# ai overprint + pantone -> druckfertige cmyk pdf ohne overprint



## robzhh (25. Juni 2009)

Hallo,

habe vom Grafiker eine fertige ai Datei bekommen für Briefpapier. Diese besitzt einen Überdruck sowie definierte Pantone Farben.
Um Druckkosten zu sparen, möchte ich daraus eine PDF für den Druckdienstleister erstellen, die ausschließlich CMYK Farben besitzt und in der der Überdruck bereits simuliert wurde. Leider habe ich nur wenig Ahnung von Illustrator und komme überhaupt nicht weiter.

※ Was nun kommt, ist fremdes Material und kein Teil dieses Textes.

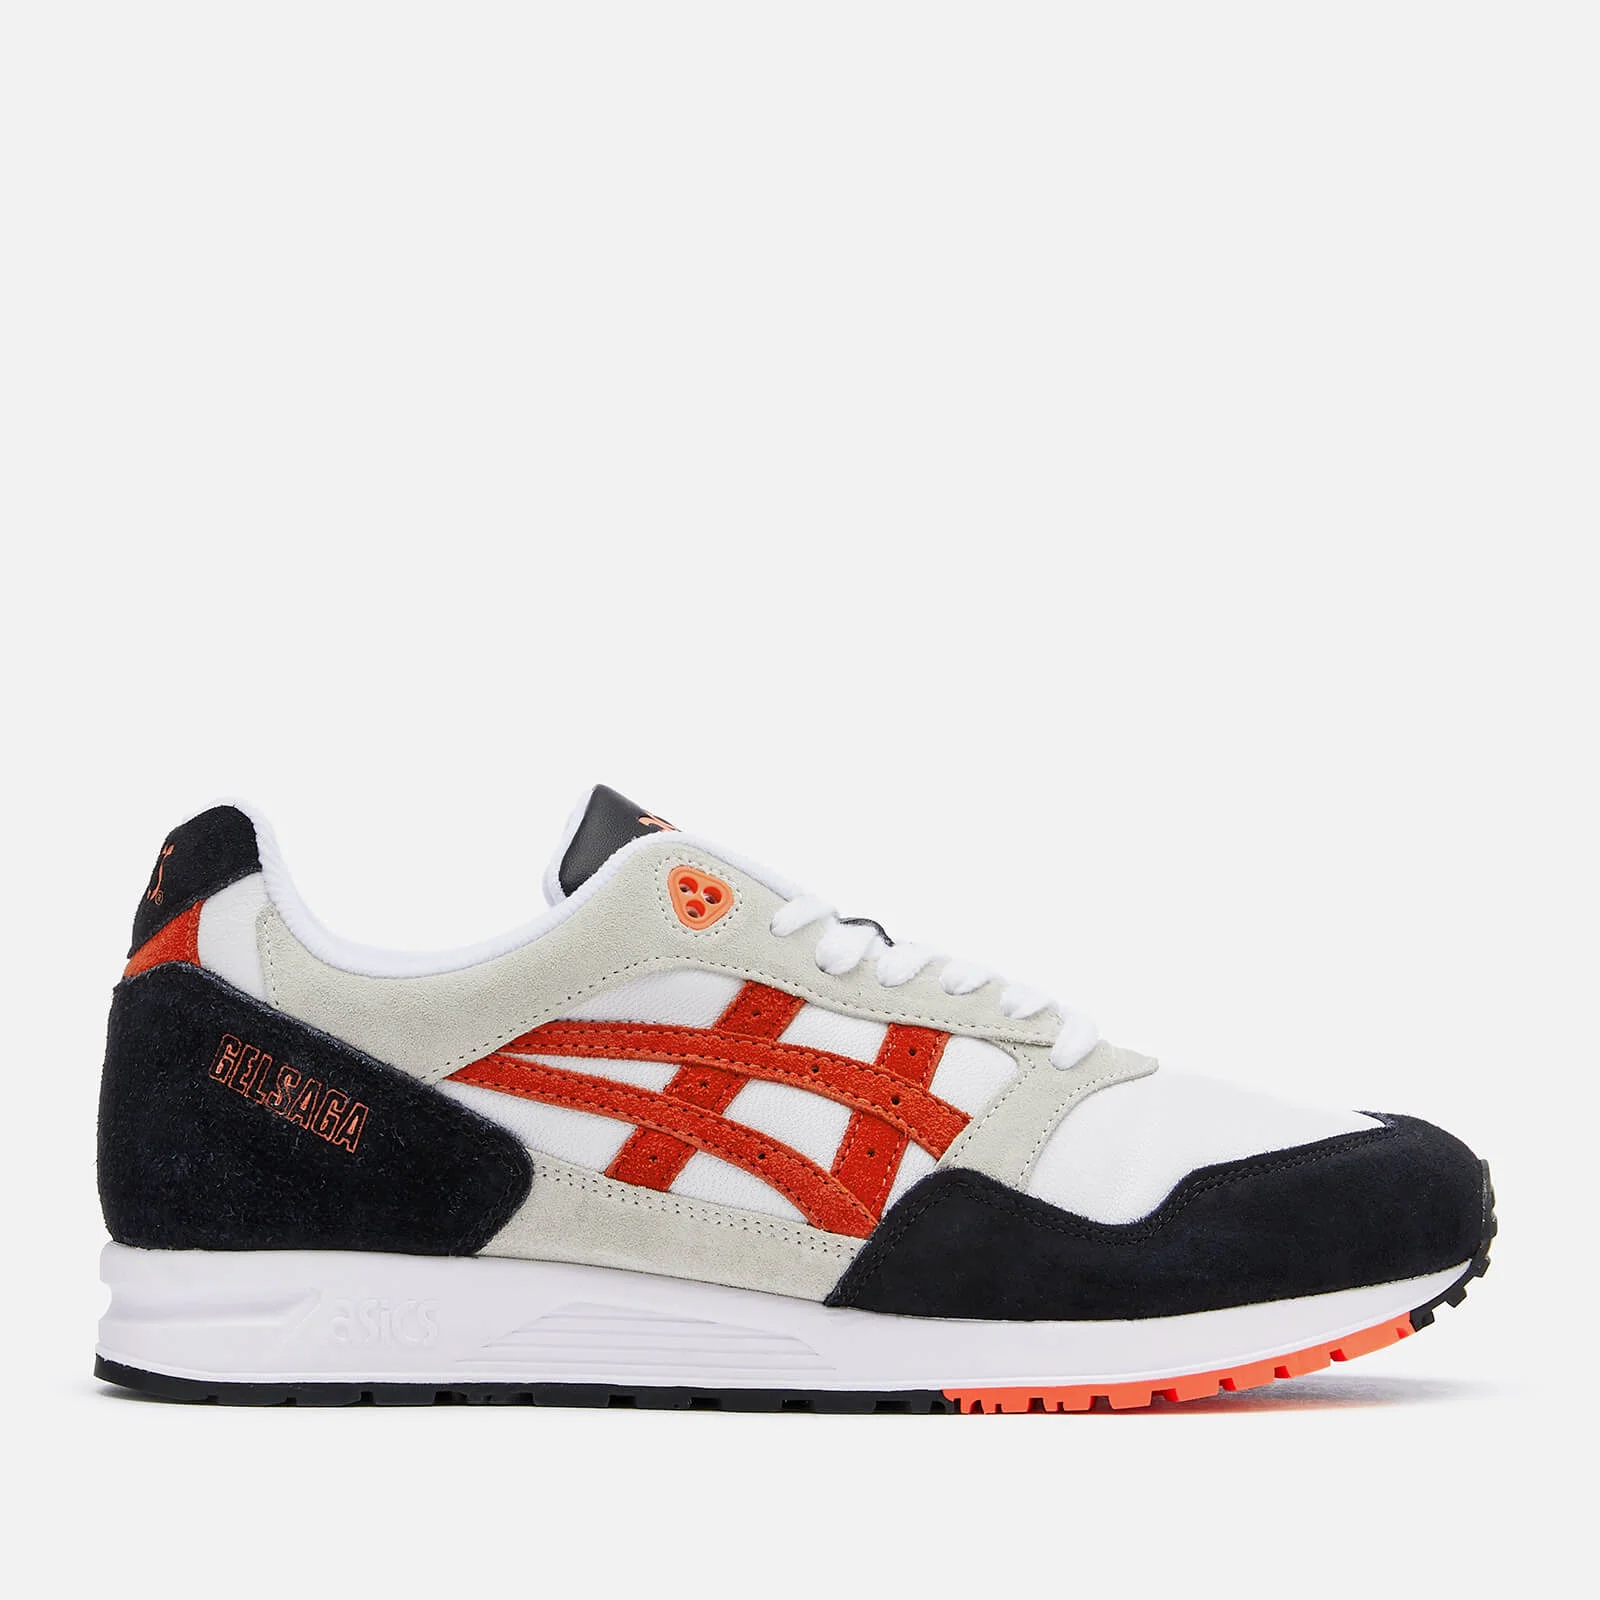 Asics Lifestyle Men's Gelsaga Leather Trainers - White/Flash Coral Image 1
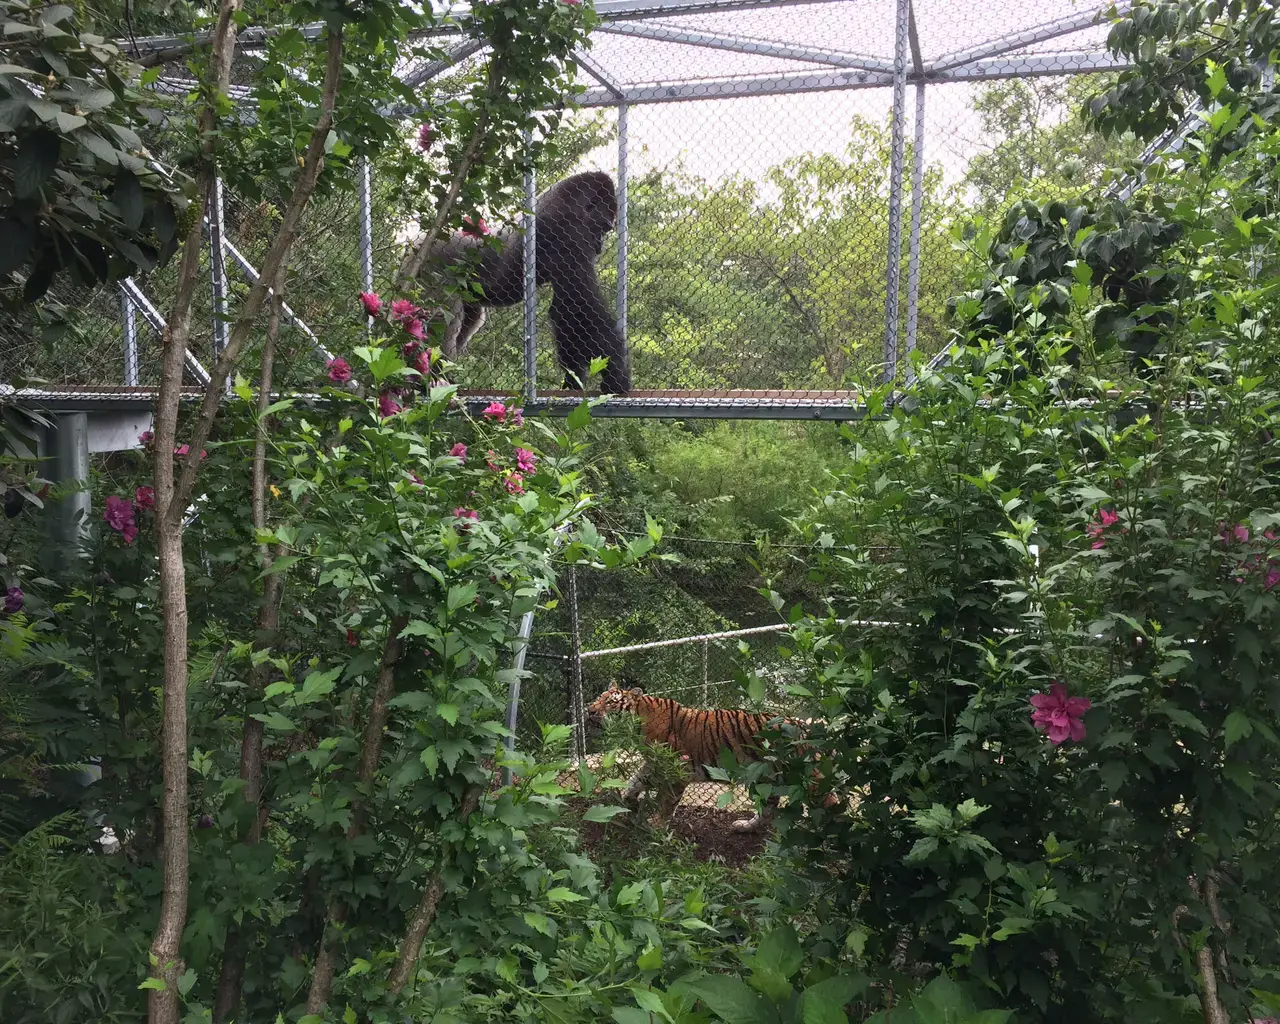 A Western lowland gorilla and an Amur tiger cross paths in Zoo360 animal exploration trails. Courtesy of the Philadelphia Zoo.

Würde mich über eine Antwort freuen.

Gruß

robz


----------



## ink (25. Juni 2009)

Moin
Entweder änderst du die Farben manuell, nutzt die "Neu färben"-Funktion oder änderst (was ich grad nicht prüfen kann) einfach das Farbprofil.
Das Thema "Überdrucken" sollte beim Druck keine zusätzlichen Kosten verursachen.
Die *.pdf kannst du über "Speichern unter" auswählen.

mfg


----------



## Jan-Frederik Stieler (26. Juni 2009)

Hi,
und falls du nicht weißt wo du das Überdrucken einstellst gehst du in die "Grafikatributepalette".
Für Schwarz gibt es dann noch den Schwarz-Überdruckenfilter den du unter "Bearbeiten > Farben bearbeiten" findest. Beziehungsweise kannst du im Dialogfenster "Drucken" auch Schwarz überdrucken anwehlen dann werden alle schwarzen Objekte Überdruckt.
Aber hier mußt du aufpassen da alle Objekte die mit eienr Transparenz versehen sind funtioniert das nicht.

Gruß


----------